Not pot if that's what you are thinking................


----------



## mistletoad (Apr 17, 2003)

Looks like Schefflera arboricola or umbrella plant to me.


----------



## familyman888 (May 4, 2009)

Thanks but I know what a pot plant looks like, lol!

This is a plant that was sent to my wife's grandmother's funeral. I am trying to save it for her.

I was wondering where to plant it, full sun, shade, etc...


----------



## familyman888 (May 4, 2009)

Thank you, I believe it is the Schefflera arboricola


----------



## FlowrsETC (Jan 23, 2012)

Rhododendrum


----------



## kudzuvine (Aug 11, 2011)

Schefflera to me also and is an indoor plant


----------



## BlackWillowFarm (Mar 24, 2008)

Yes, it's a Schefflera plant. My mother had one in the house for many years and after her death my dad kept it going for at least 20 more years. It never got real big but it was tough as nails.


----------



## Liberty'sGirl (Jul 7, 2012)

It is a schefflura plant. I have one. It is definitely an indoor plant, but I put it outside each summer.

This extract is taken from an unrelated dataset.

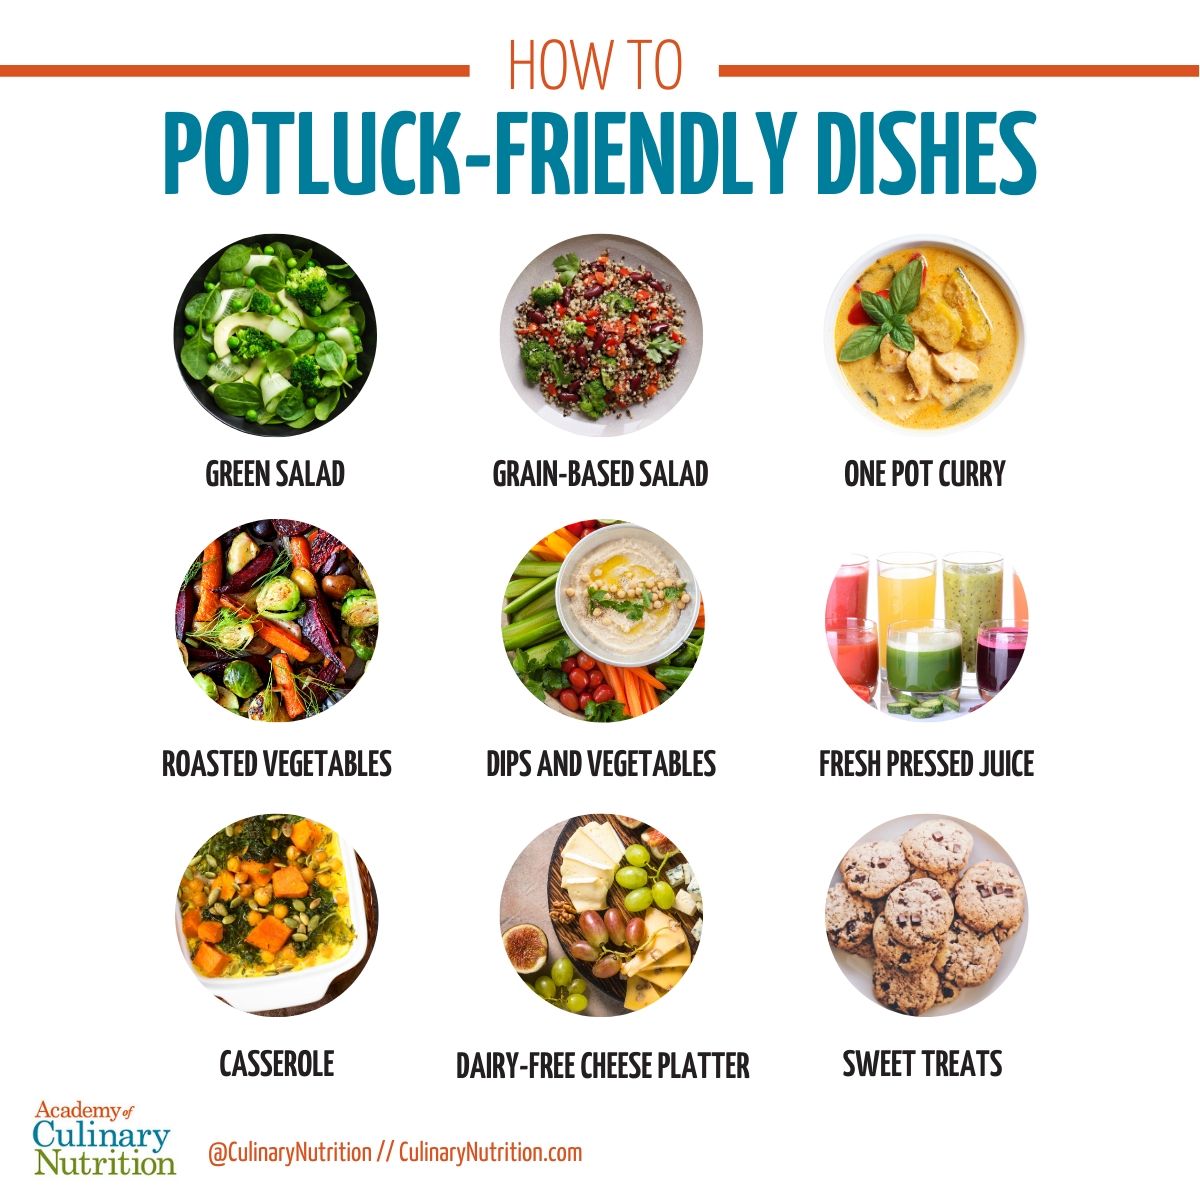 Potluck-Friendly Dishes

It LOVES to be outside and grows quite a bit, if you do that put it outside make sure that there is a large enough spot and pot, to put it in when it comes in for the fall.


----------



## 7thswan (Nov 18, 2008)

It's a Hiawinn(like our state, I can't spell at the moment) Scheffelira. A small version of a regular Shef. Looks to have had too much water. Increase sunlight slowly and make sure it dosen't have spider mites,it will drop leaves like crazy. Wash/spray under the leaves with soapy water,repeat as nessassary.


----------



## justincase (Jul 16, 2011)

I do not recall the name but I had one in my dining room it is an indoor plant.


----------